A new poll from PwC and CBRE Group suggests nearly one-fourth of companies have not yet begun to figure out how they will comply with the new lease accounting standard that begin to take effect in 2019.

The survey of more than 600 finance executives included a mix of companies across sectors, only 65 percent of which were public companies, the first to face the new accounting in 2019. Private companies have an extra year to prepare for standard, which requires companies for the first time to elevate their leased assets and related liabilities out of footnote disclosures and onto the face of the balance sheet.

More than half of survey respondents said their companies were in the process of assessing how their balance sheet will be affected by the new on-balance-sheet recognition of leases. Another one-fourth said they had stared the implementation process.

A sobering 47 percent of those in the implementation phase said the adoption was taking more effort than they expected. The biggest surprises included the data collection effort, the systems requirements, and the resources that would be necessary to get the job done.

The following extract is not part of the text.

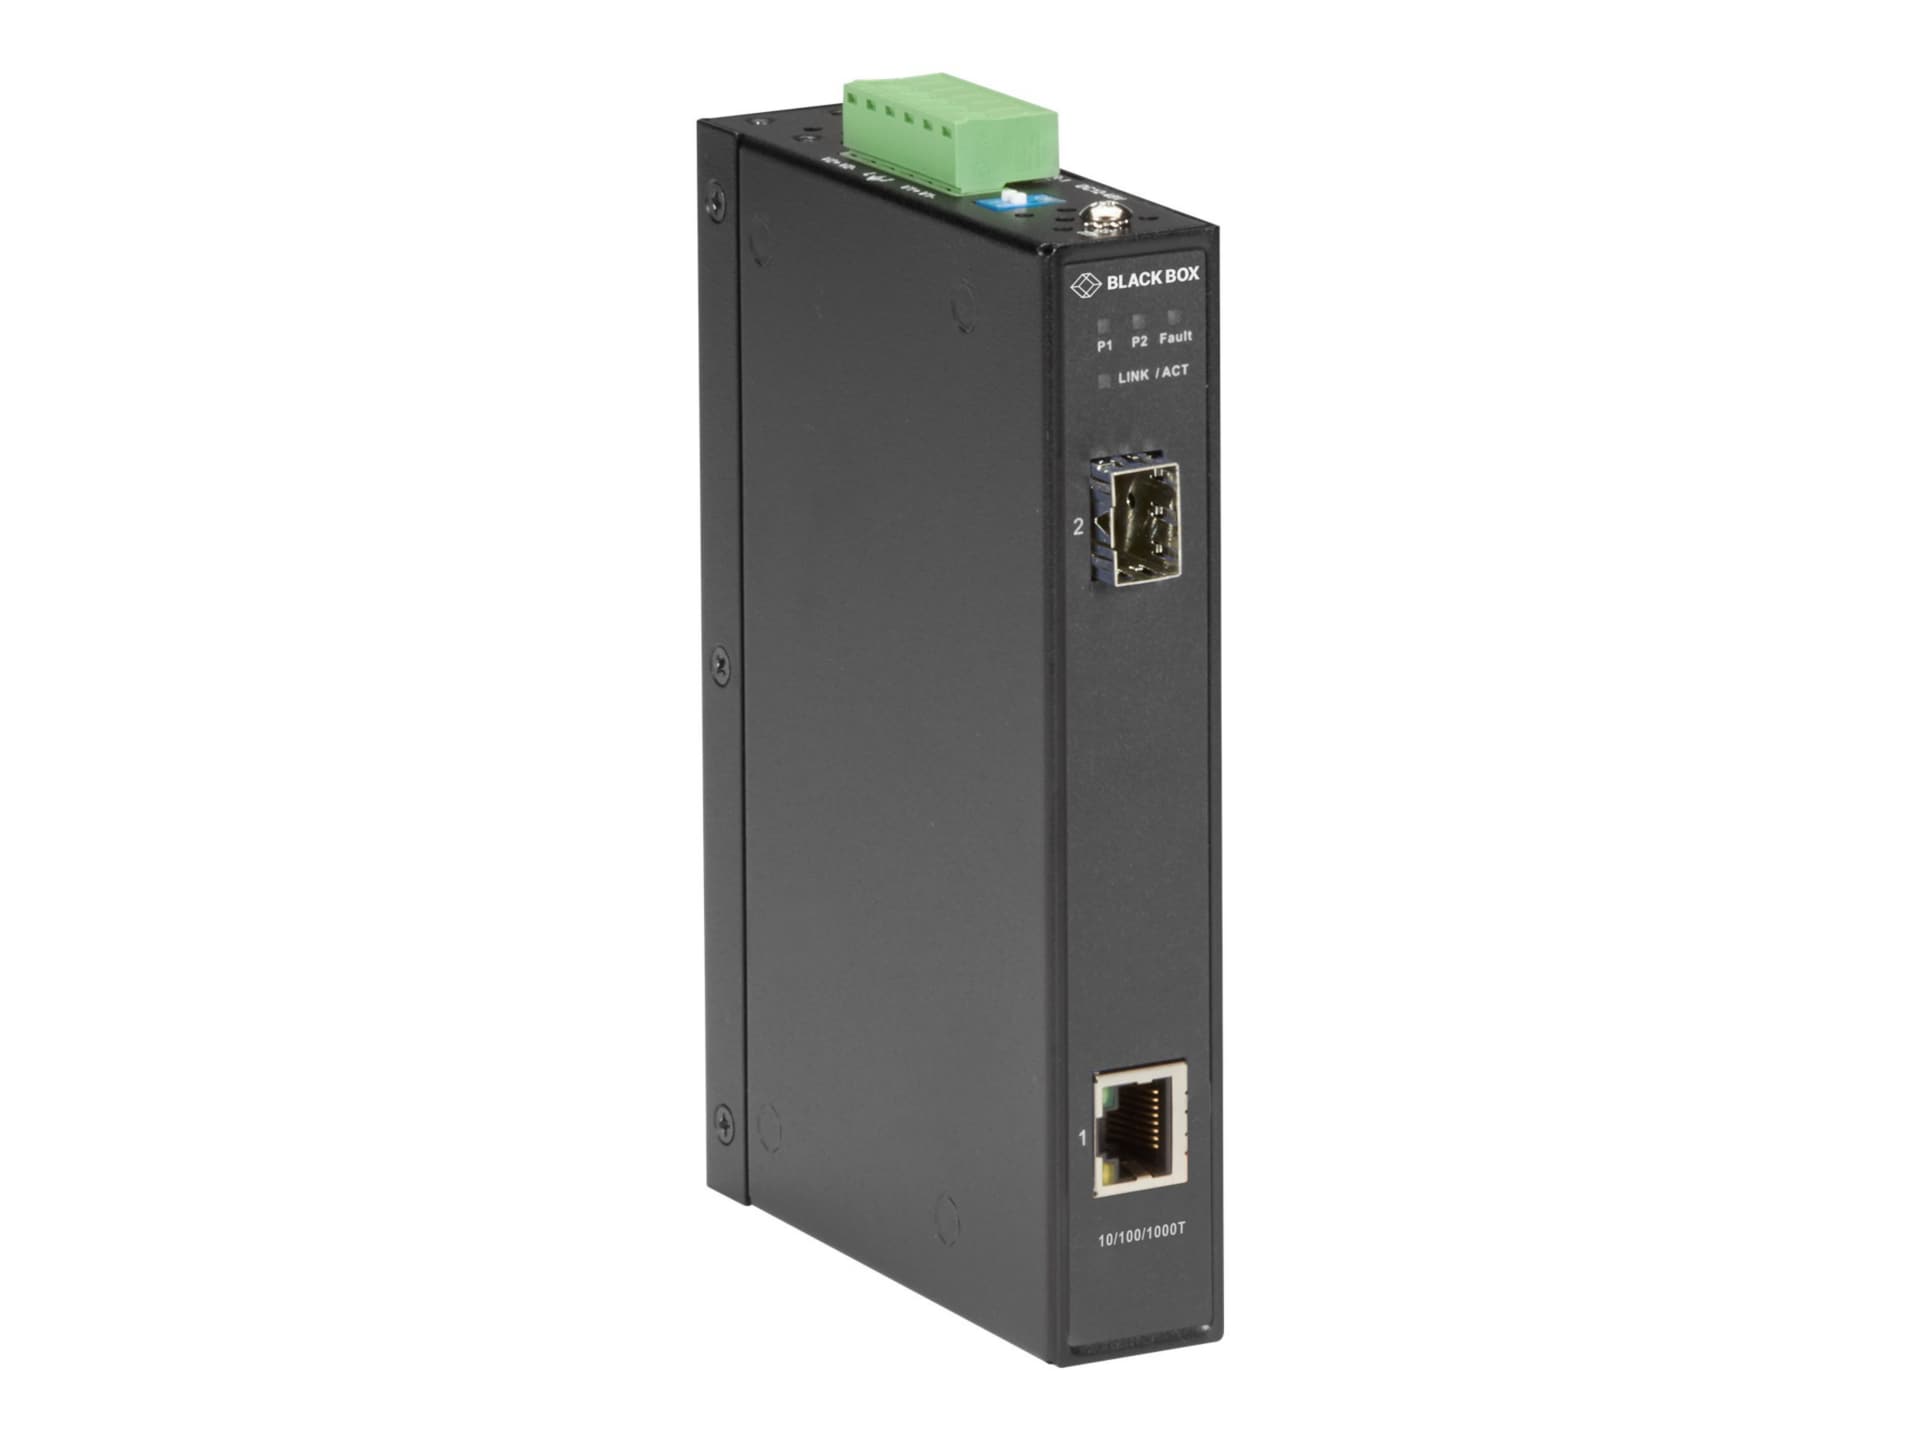 Black Box LGC280 Series LGC280A - fiber media converter - 10Mb LAN, 100Mb LAN, GigE - TAA Compliant
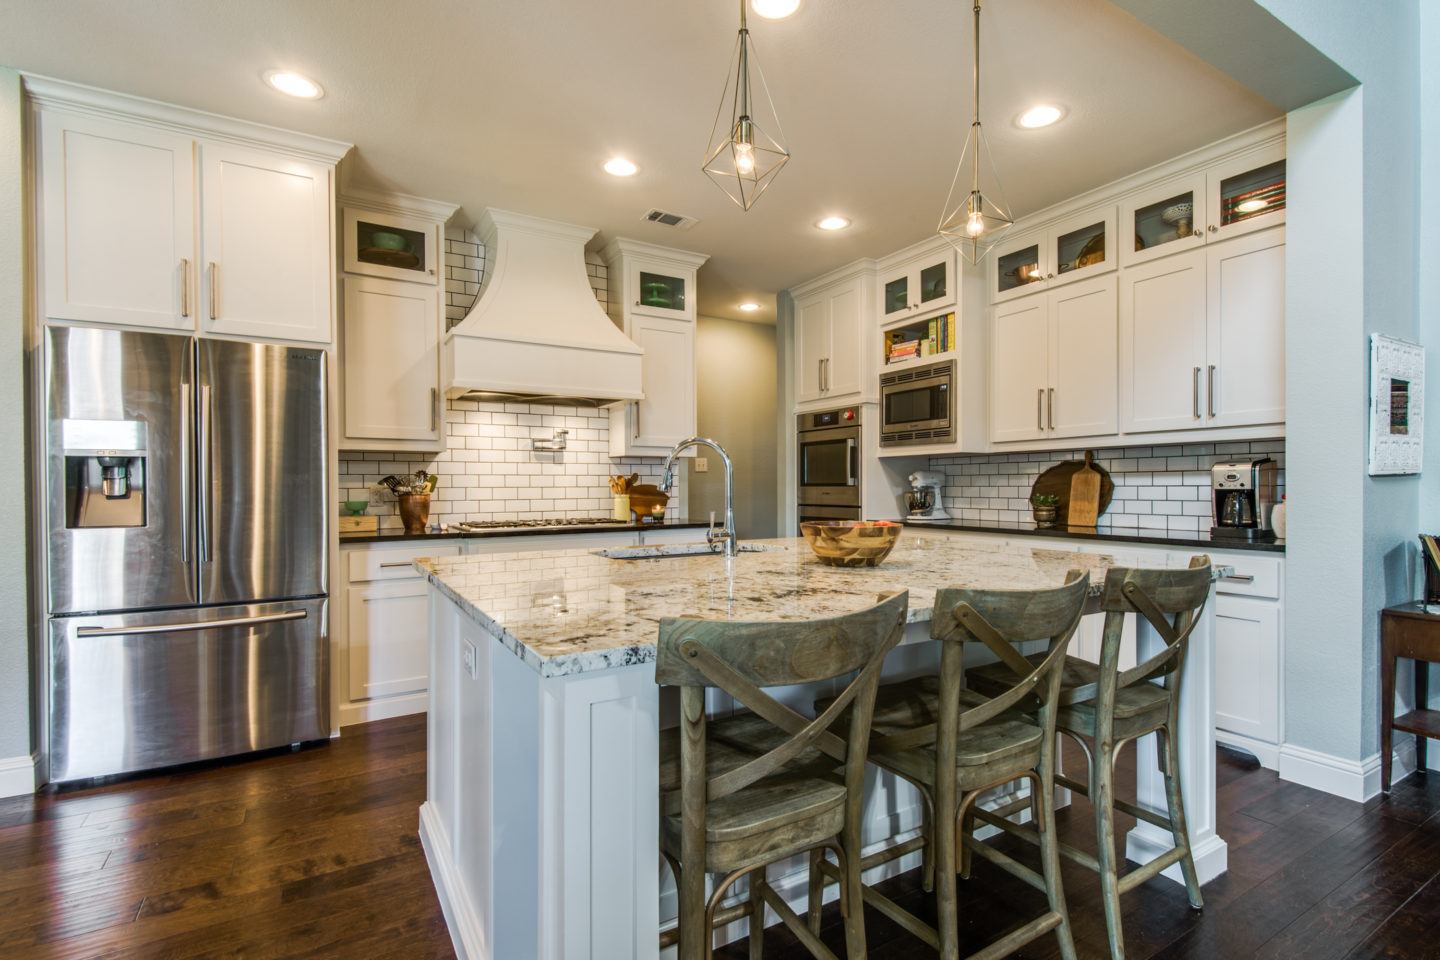 kitchen design trends - remodeled kitchen with white cabinets and subway tile backsplash

Sheri Wyatt, PwC partner in capital markets and accounting advisory services, says in some ways she finds the results surprising, and in other ways not so much. Many companies are still in the throes of adopting even bigger rules that take effect even sooner governing how companies are to recognize revenue in financial statements, and the survey includes responses from a good number of private companies who have an extra year to prepare.

On the other hand, “companies are expecting this to be quite a bit of big, heavy lifting,” Wyatt says. “With the standard taking effect in 18 months, for public companies that haven’t started yet, that could be viewed as a relatively short period of time.”

Wyatt says she sees many companies still in the exploratory phase of adopting the new accounting, perhaps establishing steering committees or in the early stages of getting started. “In our conversations with clients, we’re trying to get them focused on accelerating the process of understanding what their lease portfolio is and what the data gaps are. Getting the data, assessing the data for quality, identifying a solution, and migrating the data to the solution can be time consuming.”

Experts have warned companies that data collection would be challenging, gathering lease contracts from what is likely a decentralized process at most companies and studying them for the terms and conditions that must be reflected in the new accounting. In the recent survey, companies said 55 percent of their real estate assets are leased, and 44 percent of their non-real estate assets are leased.